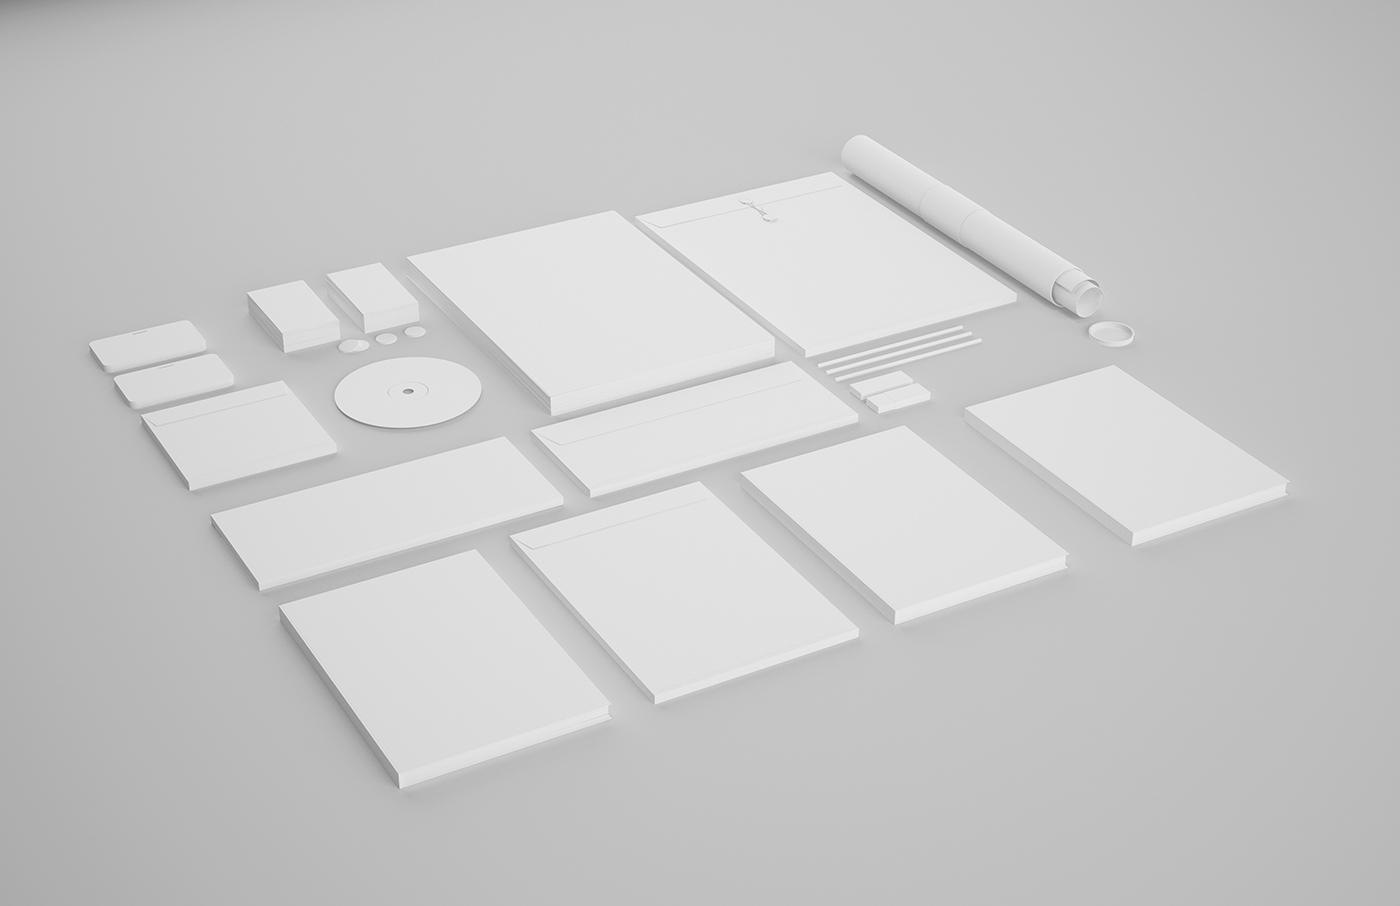 template free Stationery download corporate showcase identity logo print black minimalistic psd professional Mockup White
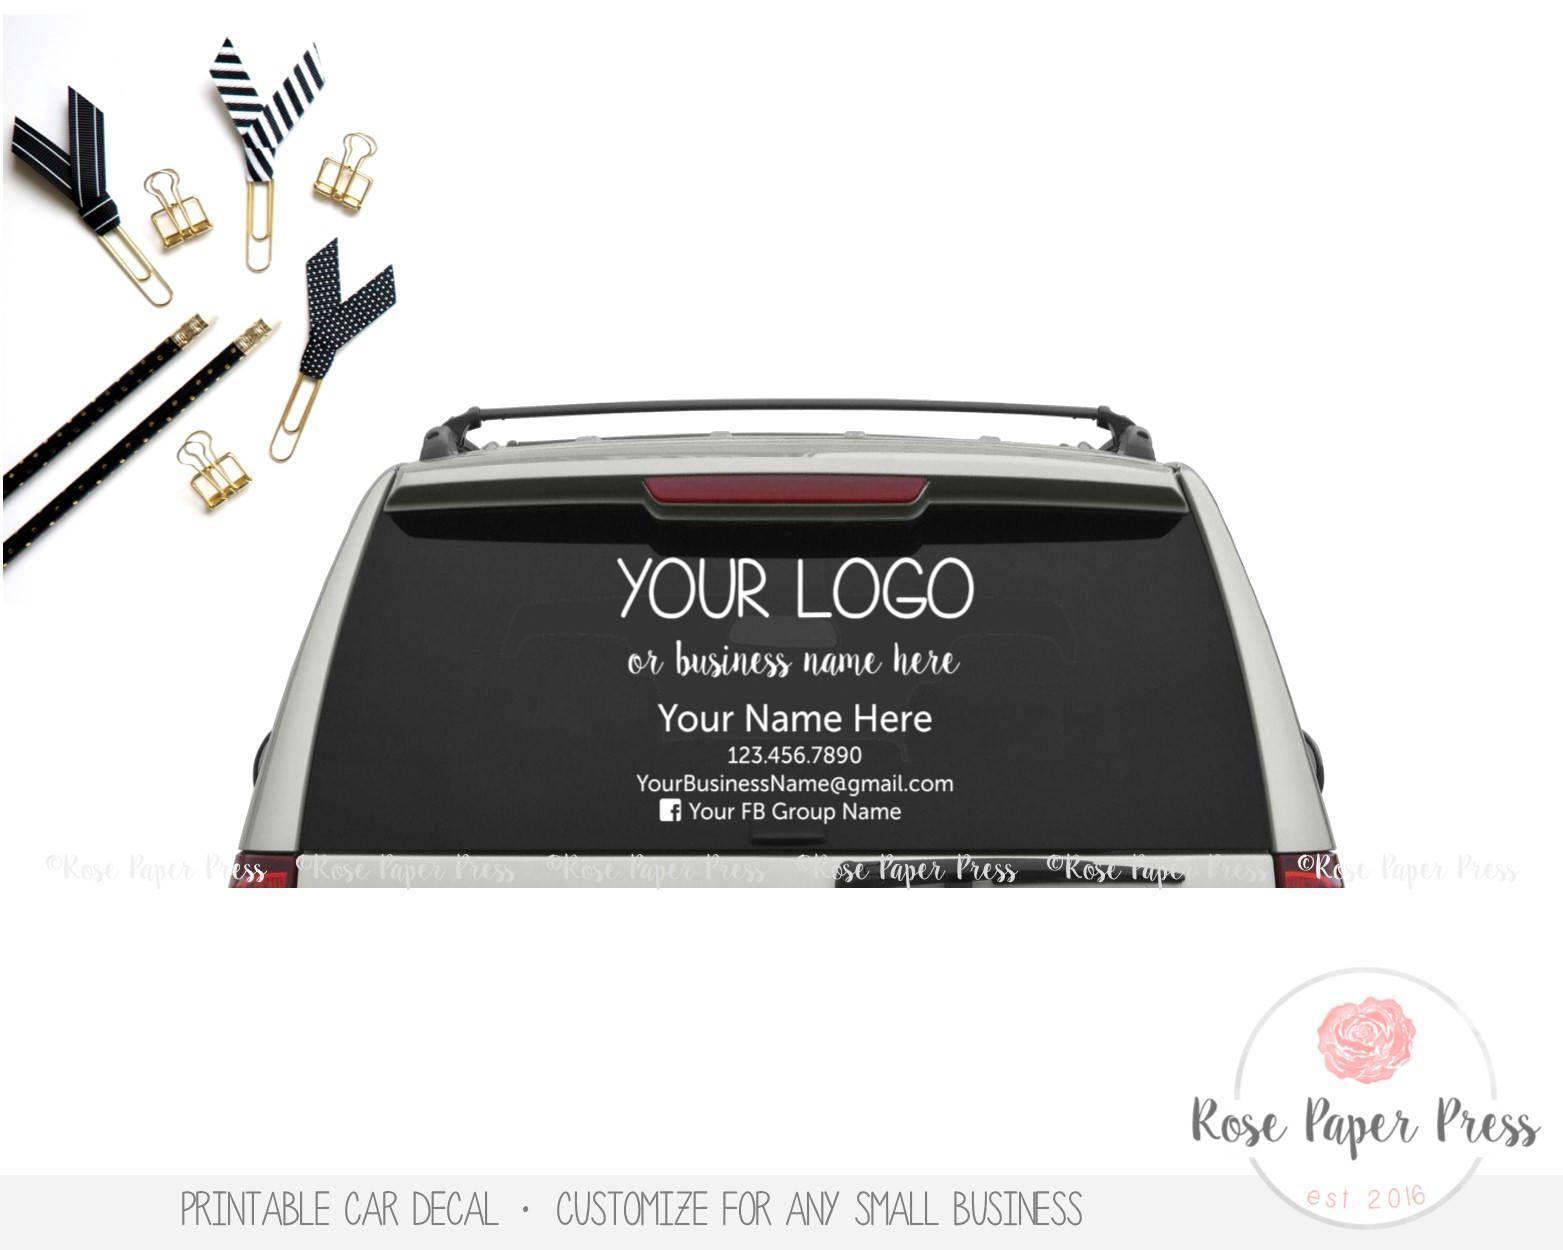 Car Decal Custom Printable Decal Small Business Marketing - Custom car decals businesswindow decals
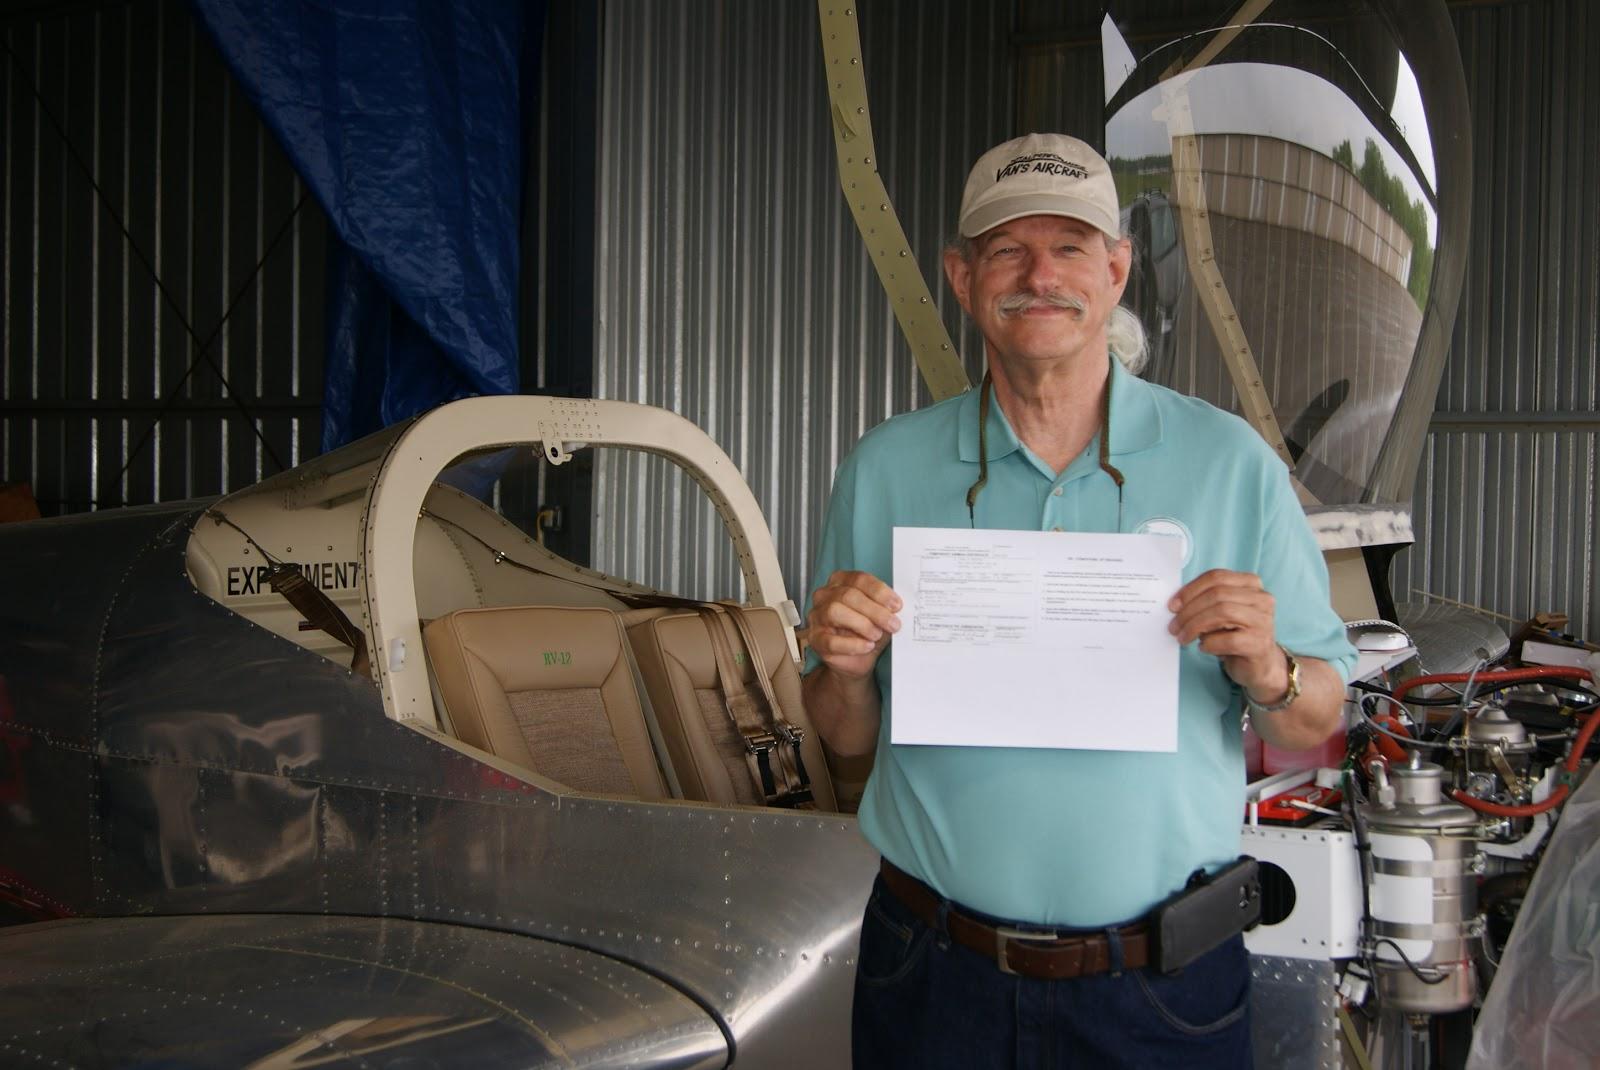 Dog Aviation Johns Rv 12 Blog Repairman Certificate Granted By Faa
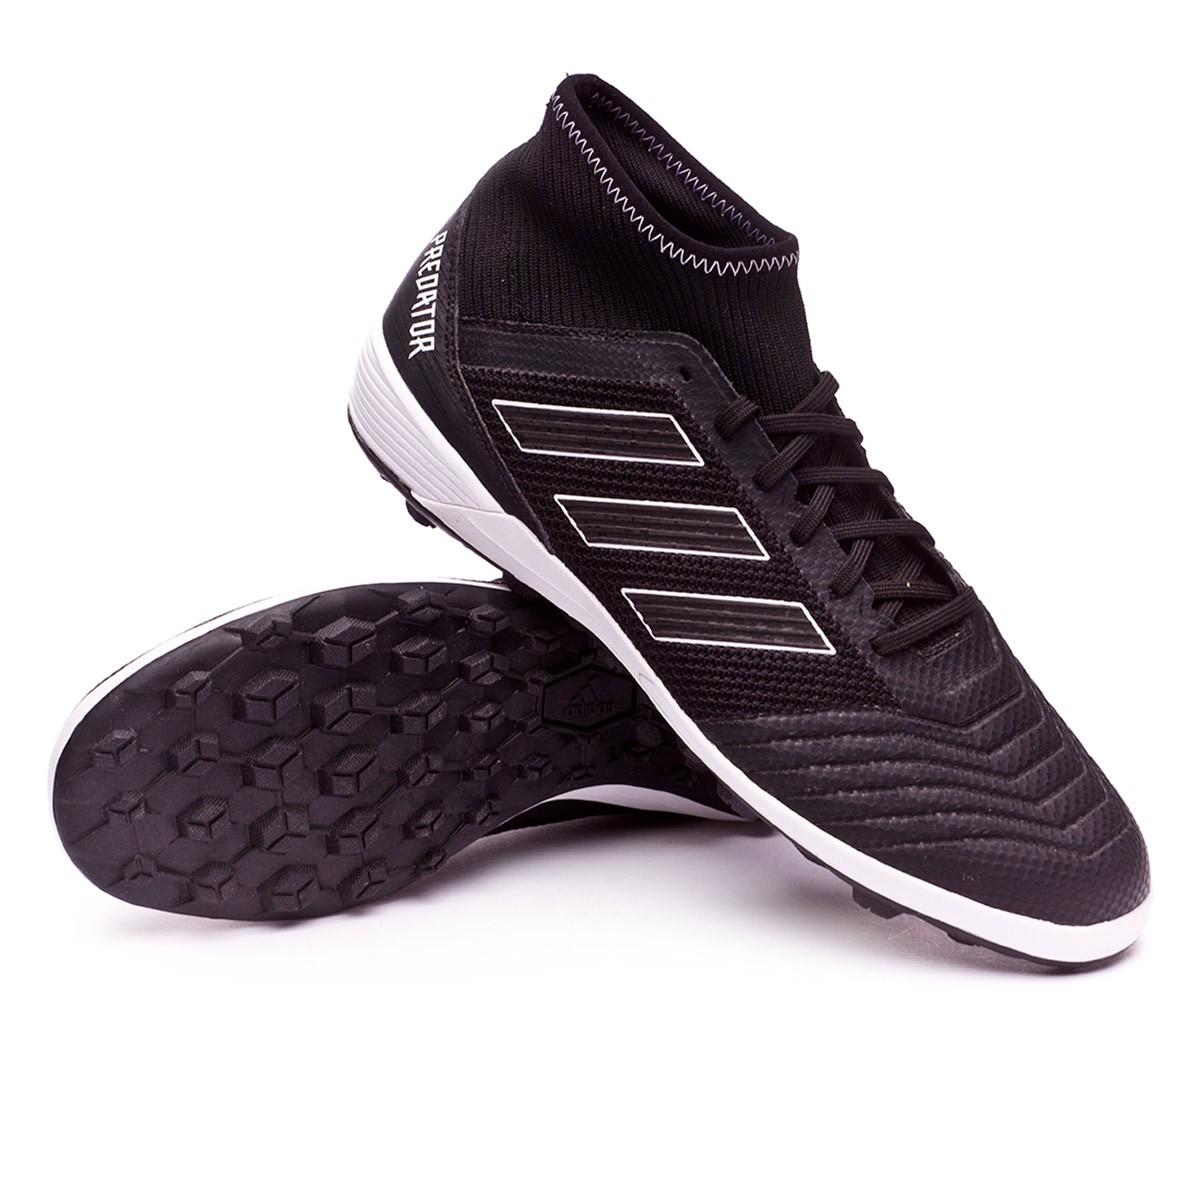 e412c5494 Football Boot adidas Predator Tango 18.3 Turf Core black-White - Football  store Fútbol Emotion

» WORK INSTRUCTION:
Would you set down the listing exactly, omitting pictures?

» EXERCISE OUTPUT:
 template free Stationery download corporate showcase identity logo print black minimalistic psd professional Mockup White
 Car Decal Custom Printable Decal Small Business Marketing - Custom car decals businesswindow decals
 Dog Aviation Johns Rv 12 Blog Repairman Certificate Granted By Faa
 e412c5494 Football Boot adidas Predator Tango 18.3 Turf Core black-White - Football  store Fútbol Emotion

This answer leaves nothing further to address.